#### [Directions for this task]
Nothing but the text belongs in the answer: the listing below, copied exactly, without pictures.

Information provided START

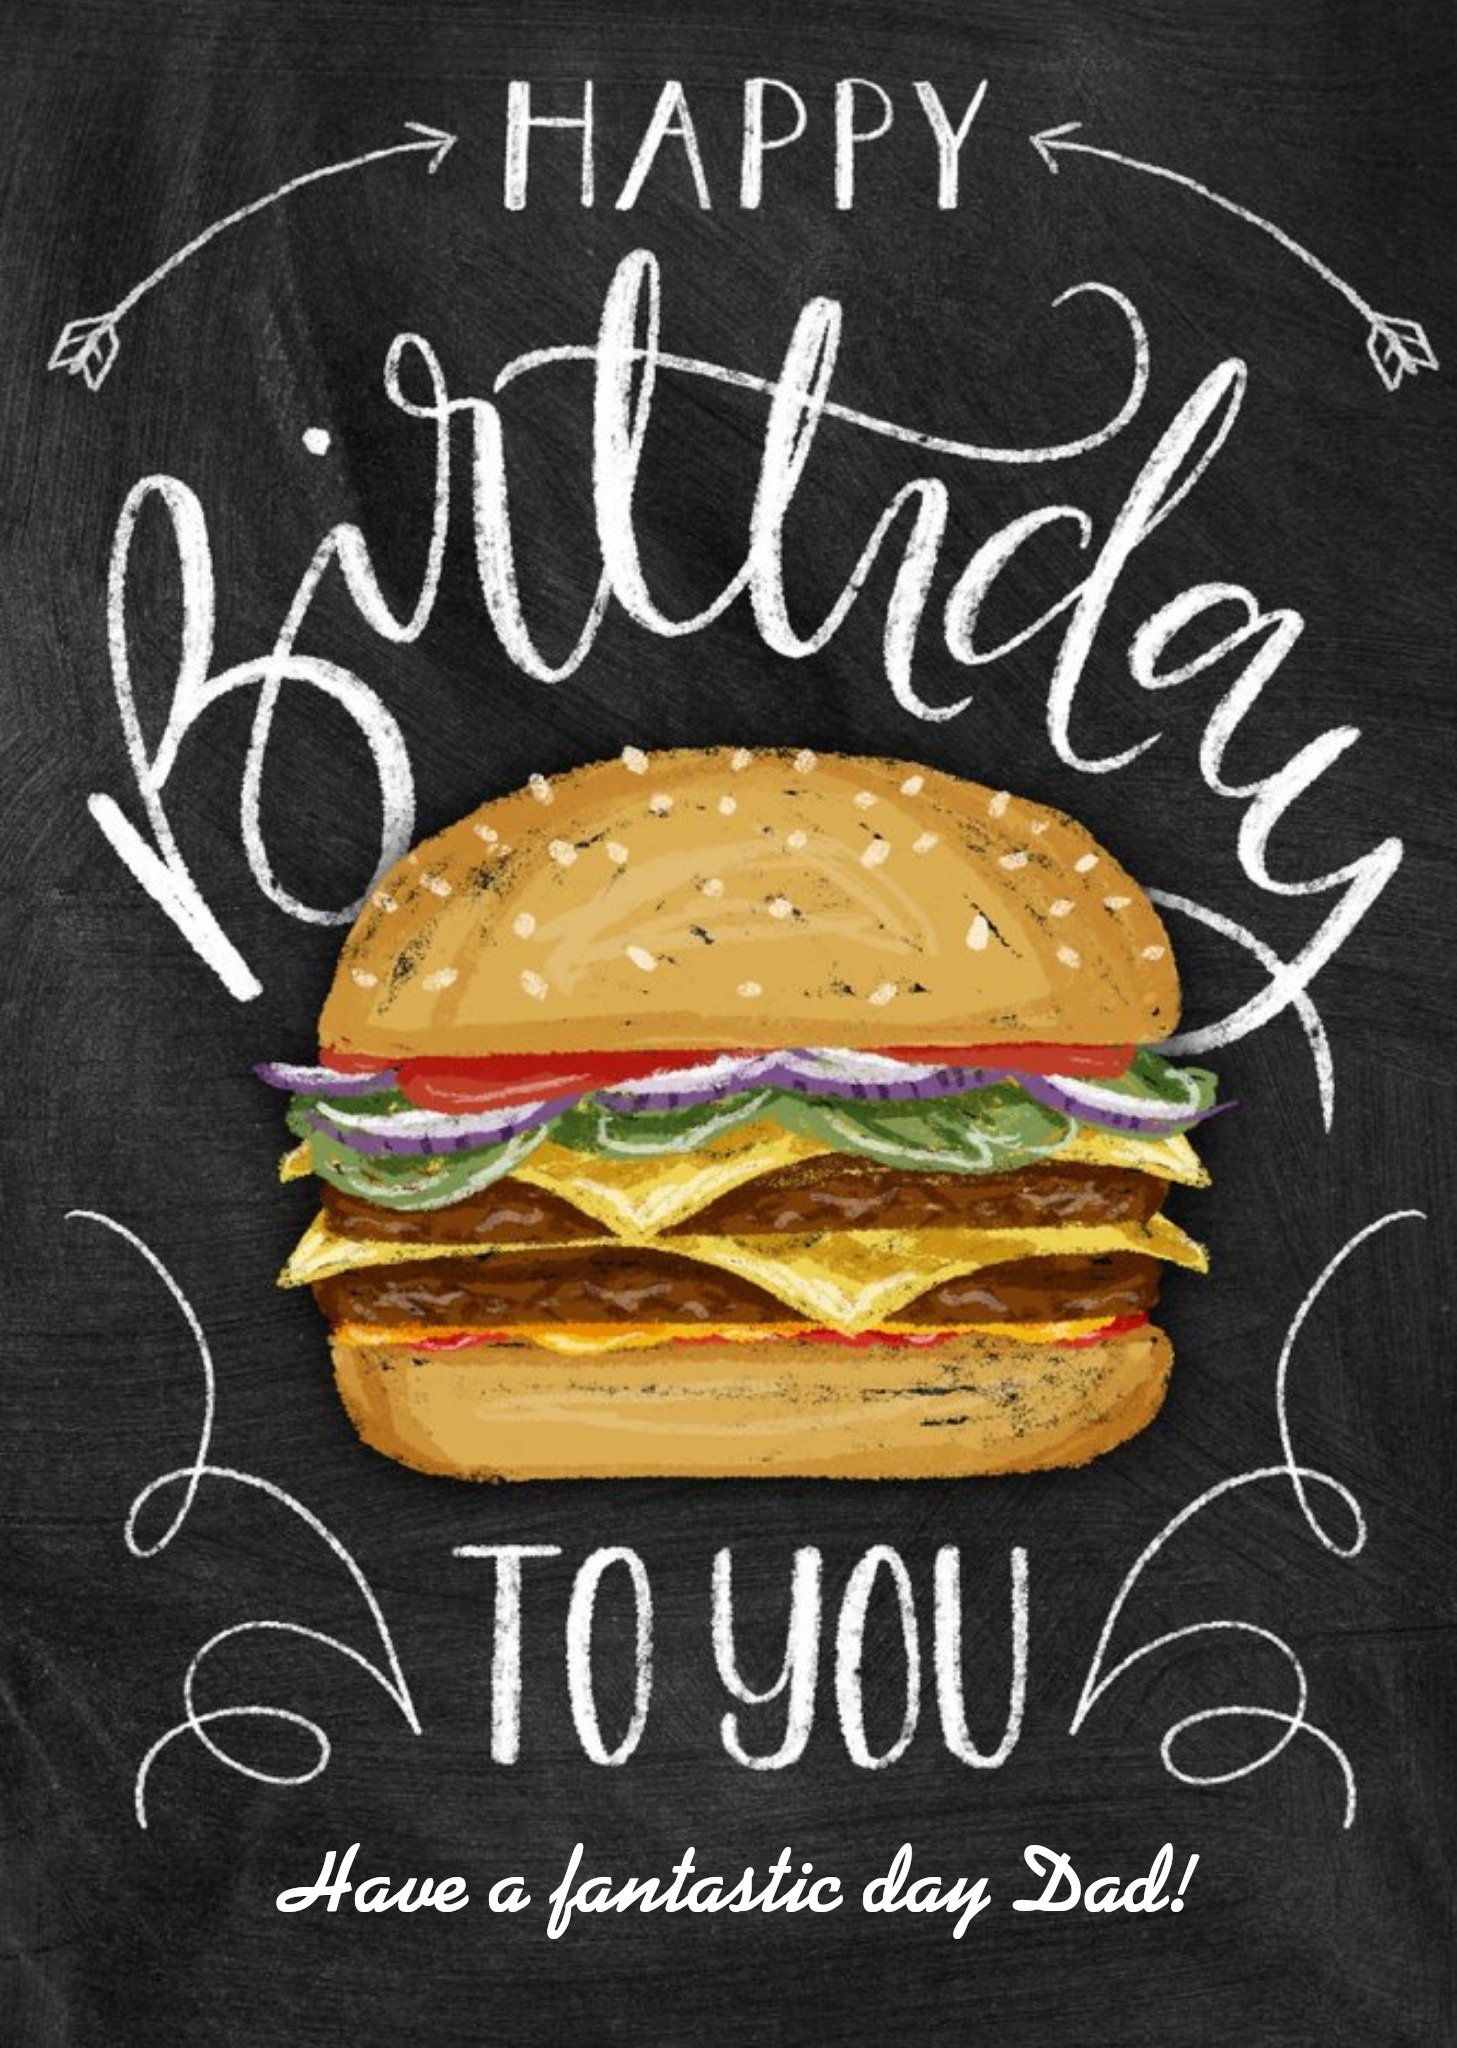 Moonpig Illustrated Burger Happy Birthday To You Personalised Card Ecard
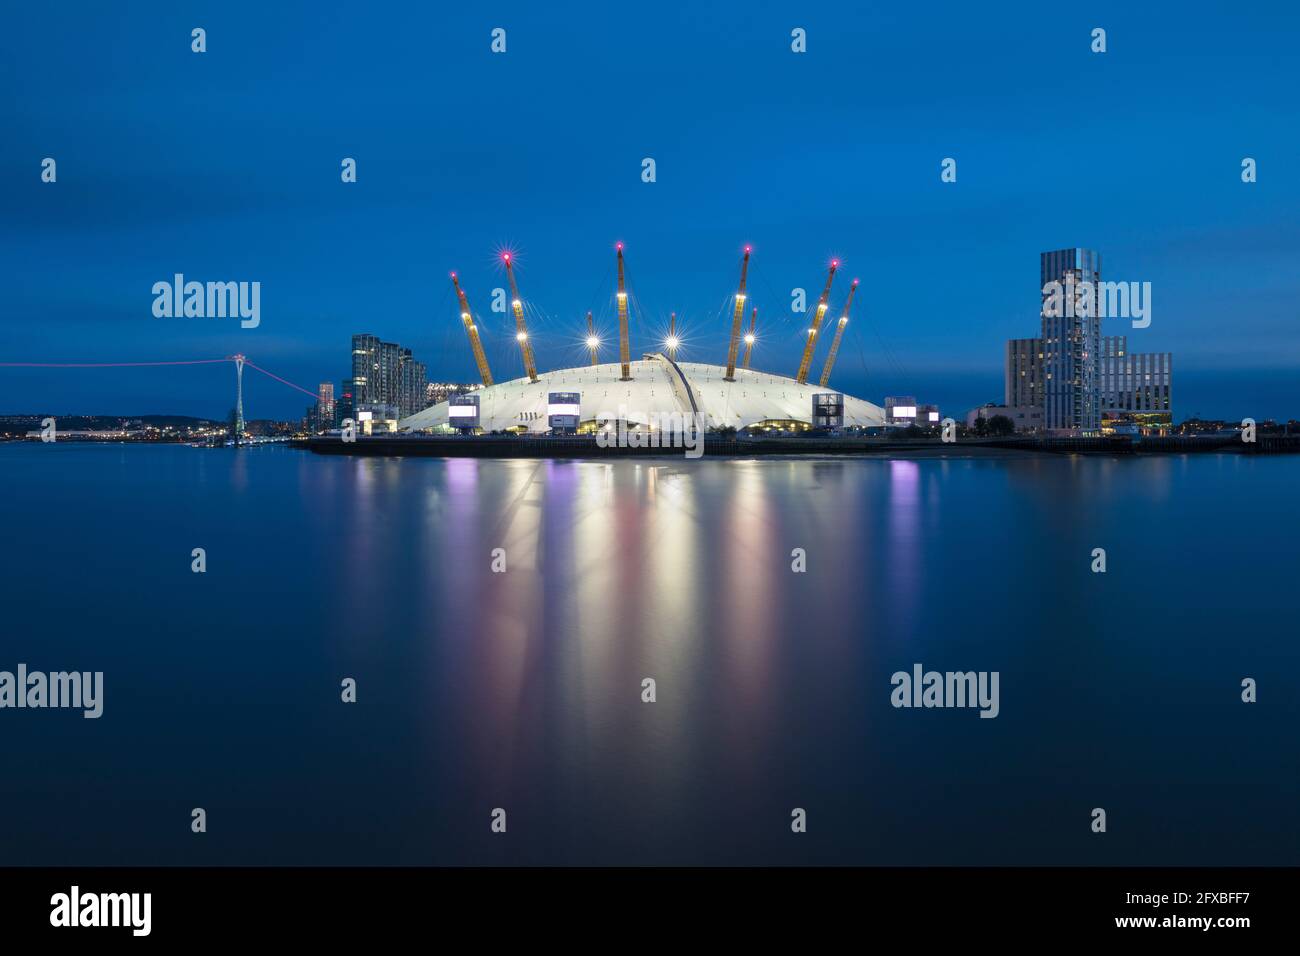 UK, England, London, Long exposure of River Thames and O2 Arena at dusk Stock Photo
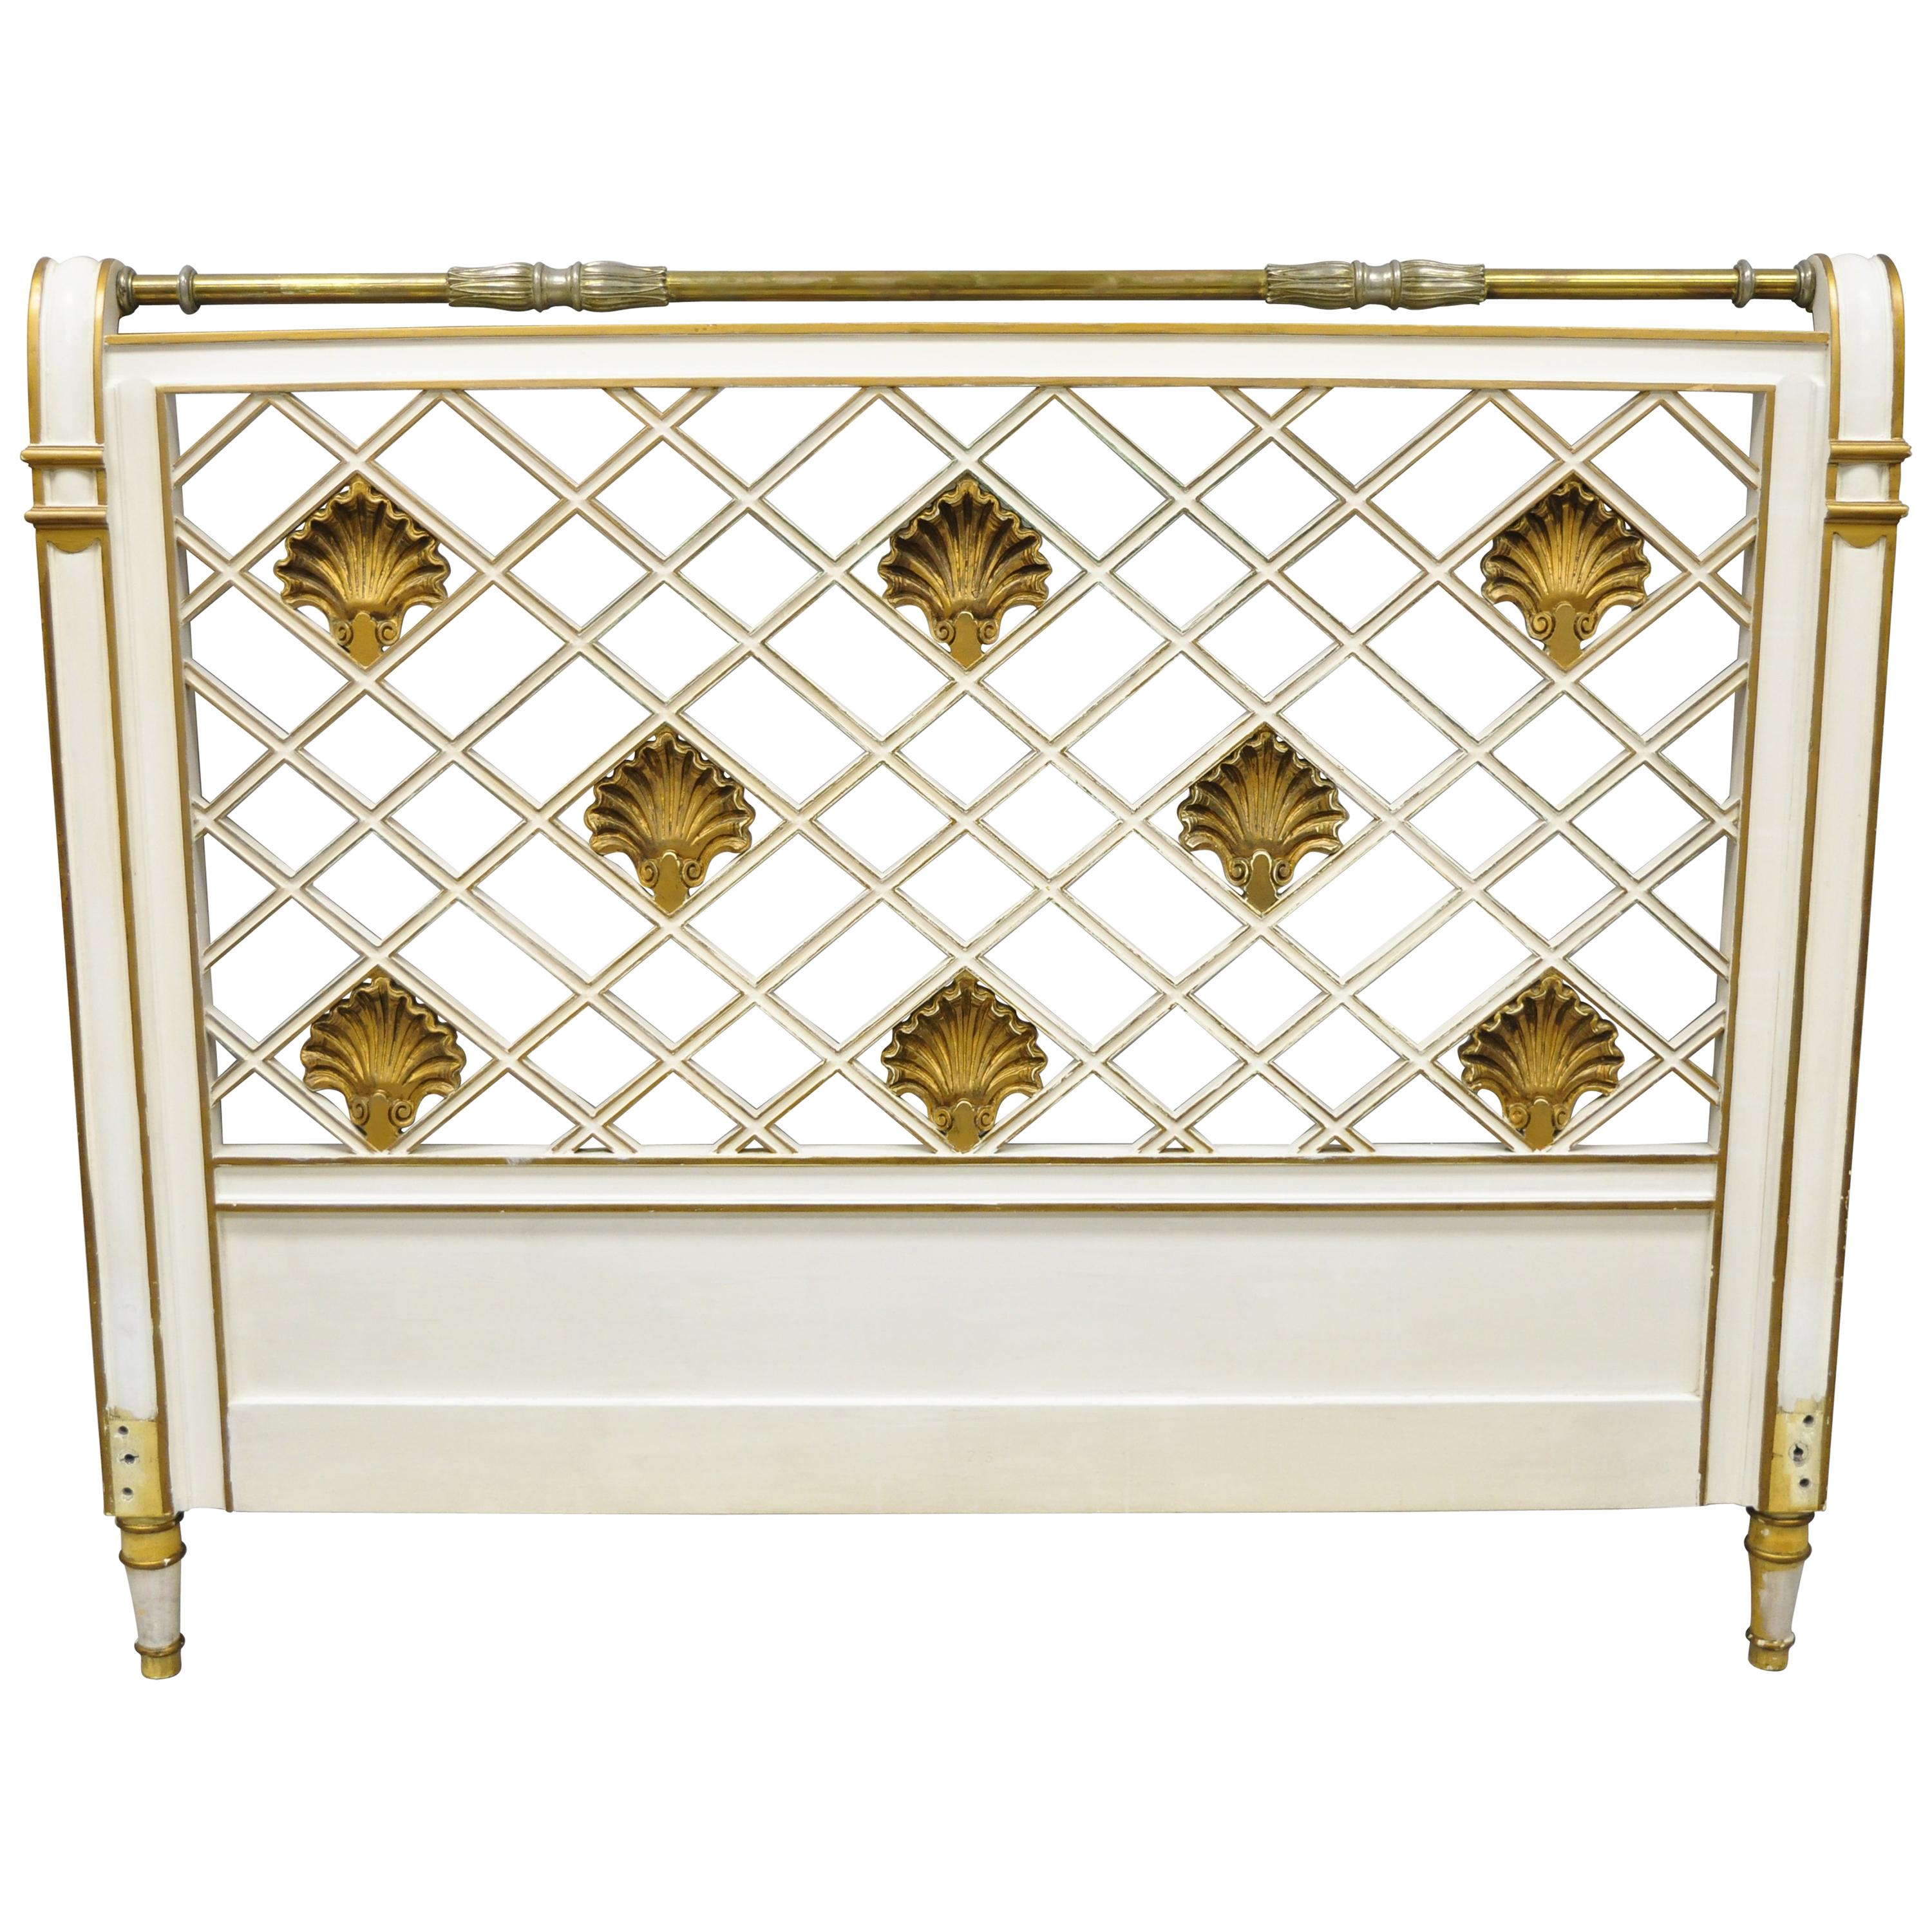 French Neoclassical Style Italian Shell Carve Lattice Queen Size Bed Headboard

Information provided END

#### [Task response]
 Moonpig Illustrated Burger Happy Birthday To You Personalised Card Ecard
 UK, England, London, Long exposure of River Thames and O2 Arena at dusk Stock Photo
 French Neoclassical Style Italian Shell Carve Lattice Queen Size Bed Headboard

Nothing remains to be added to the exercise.